The unstable finances of opera and theatre companies meant positions held by singers and instrumentalists were frequently subject to wage variation or simply vanished. Italian opera was a particularly hazardous enterprise as the exorbitant cost of the lead singers, extravagant costumes and spectacular scenery frequently exceeded the income obtained from ticket sales. The Royal Academy of Music, a joint stock company founded in 1719 to establish Italian opera in London, only lasted until 1729. Soon after its collapse, Handel set about forming the Second Academy but that too failed in 1734 as did its rival, the Opera of the Nobility, in 1737. Hence many musicians maintained multiple positions, diversified their skills by learning several instruments and took on other non-musical professions in order to make ends meet. Joseph Woodham, for instance, claimed to play not only the trombone but also the violin, viola, double bass, horn and trumpet and he even sang the role of Orlando in The Cabinet when the tenor John Braham suddenly came down with an attack of gout on 15 October 1802. The singer Luffman Atterbury was also a carpenter, builder and surveyor, while the oboist Redmond Simpson played at Covent Garden, Vauxhall Gardens, Haymarket Theatre, in the Queen’s band, the Horseguards, the Coldstream Guards, and also worked as a musician and clerk for the Duke of Cumberland.
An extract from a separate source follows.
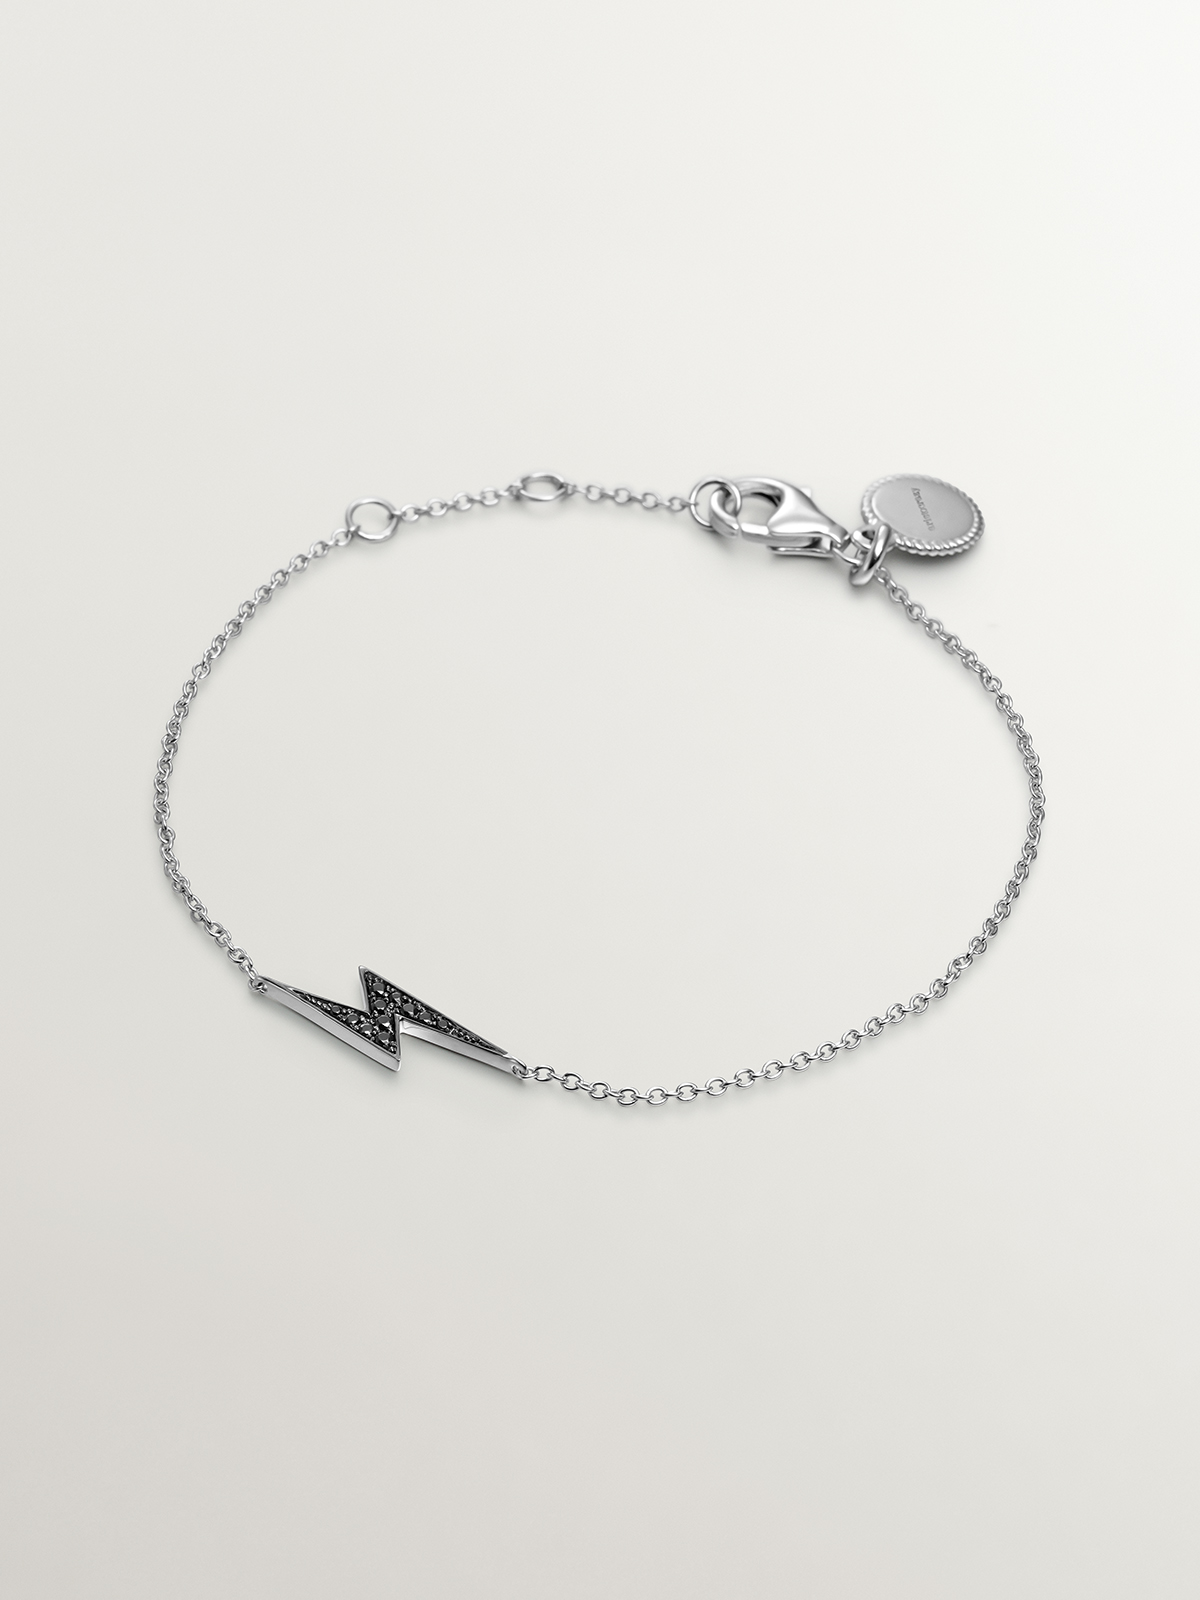 925 Silver bracelet with black spinel star

Some wealthier and perhaps more entrepreneurial musicians, most famously J. C. Bach and C. F. Abel, made use of their contacts and renown to organise subscription concert series.

John Braham as 'Lord Aimworth', steel line engraving by Thomson/Foster, 1818

John Braham as 'Lord Aimworth', steel line engraving by Thomson/Foster, 1818

Although some musicians with roles in the military, the church, or the court received a pension, this was not always enough to sustain them and their families through hard times. Even Handel, who received a generous annual pension of £600 from the royal family from the mid-1720s, experienced wildly fluctuating finances in the 1720s and 30s due to his involvement in Italian opera. Similarly, musicians who had managed to establish successful careers experienced hard times if public opinion turned against them. After a fruitful career leading orchestras, organising concerts, teaching, composing and performing violin concerti, Giardini returned to his native Italy in 1784. He returned to London by 1789 to find his competitors had taken advantage of his absence and replaced him as London’s premier violinist. Perhaps his age was also getting the better of him as Haydn noted in 1792 that he had heard Giardini play at Ranelagh Gardens and that ‘[h]e played like a pig’. So, not long after his return, Giardini left London once more to travel to Russia with a theatrical company, where he died in poverty.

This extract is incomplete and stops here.